We laughed about all the near catastrophes: falls from ladders, dumb ideas about taking trees down, etc. and someone suggested we write a book about it. It had been such a good idea and we had gotten so much accomplished we thought others might want to know how we did it. It could be a how-to manual! Someone enthusiastically said, “It’d be a best seller!” Then Jim said, “But someone should have an affair. That would make the book so much better.” We laughed about that and made some funny (we thought) remarks about who it should be, etc. etc. Unfortunately, it was my husband who ended up doing that and two years later he was gone. And so was the group. And it wasn’t funny.

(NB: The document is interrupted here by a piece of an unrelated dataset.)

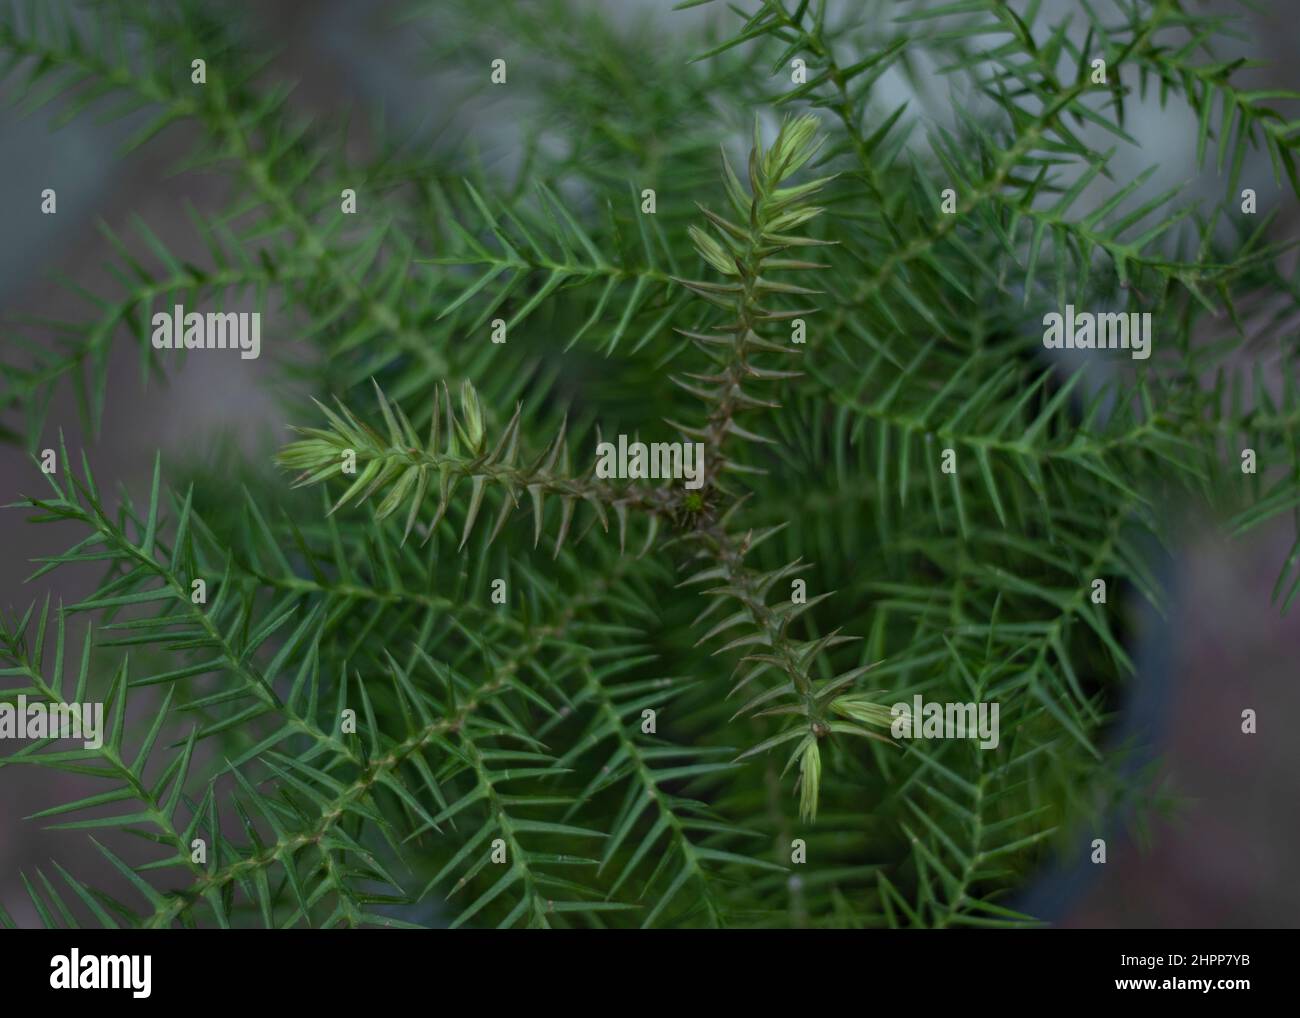 Araucaria cunninghamii colonial pine closeup topview Stock Photo
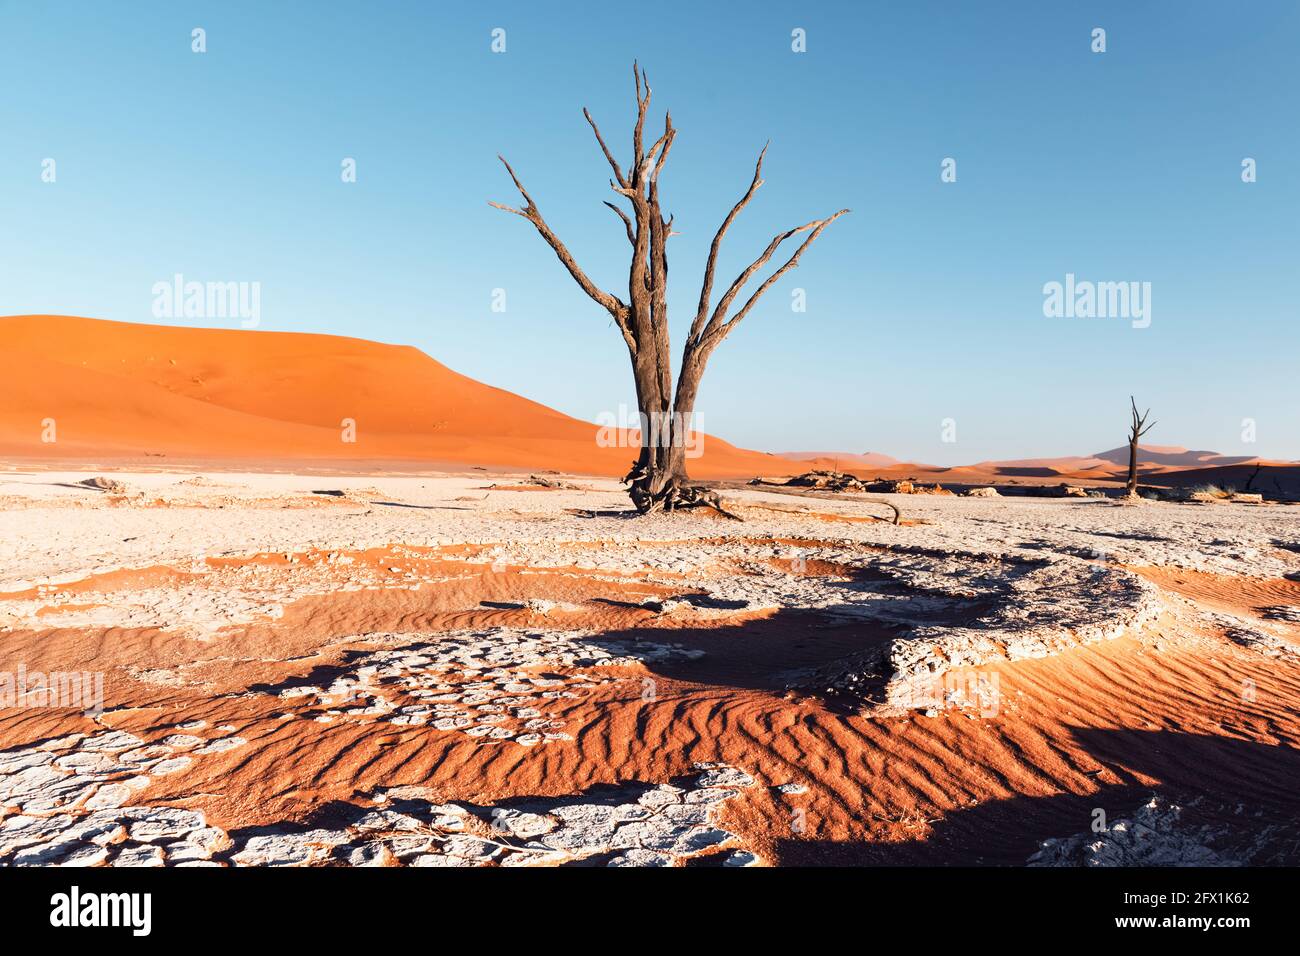 Tote Camelthorn Bäume bei Sonnenaufgang, Deadvlei, Namib-Naukluft National Park, Namibia, Afrika. Getrocknete Bäume in der Wüste Namib. Landschaftsfotografie Stockfoto

I kept the house and the hot tub got a lot of use over the following years. The entire high school track team would be in there after a meet and (I learned much later) plenty of other teenage partiers when I was away. Fortunately, no one drowned (that I am aware of). I read many books in that tub, cried a river, bird watched, and pulled my life back together. It became my haven of relaxation after long days and nights of work. It was a place where friends had long wine-soaked heart to hearts. It was worth the price for all the therapy it provided. It lasted longer than expected but gave out this year and I reluctantly added it’s disposal to the home maintenance list. Instead of hiring someone to take it away I thought I’d rent a dumpster and cut it up. I sat down to YouTube to see how to go about it and was shocked to see how many videos there are of people cutting up hot tubs! And they make it look so simple! Five simple cuts with a reciprocating saw and haul it all away. I couldn’t wait to get to it. I even own the saw! Hahaha. Very funny. I’m glad no one was filming me. I spent ten minutes trying to cut through the rim, my arms jarring out of their sockets, and barely made a dent. I was about to give up but then thought, wait, I told a bunch of people I was doing this and am reluctant to admit defeat. That won’t work. I knelt down and looked at how I could cut through small sections then thought, “I can just do it like a cake, piece by piece. I’ve got the dumpster for a whole month, what’s the rush?” So, four days, a twenty dollar blade, and a sore back later, that puppy with all it’s memories is ready to be hauled away along with a couple of mattresses and an old rug. Pangono, pangono as they say in Malawi. Little by little, it can be done.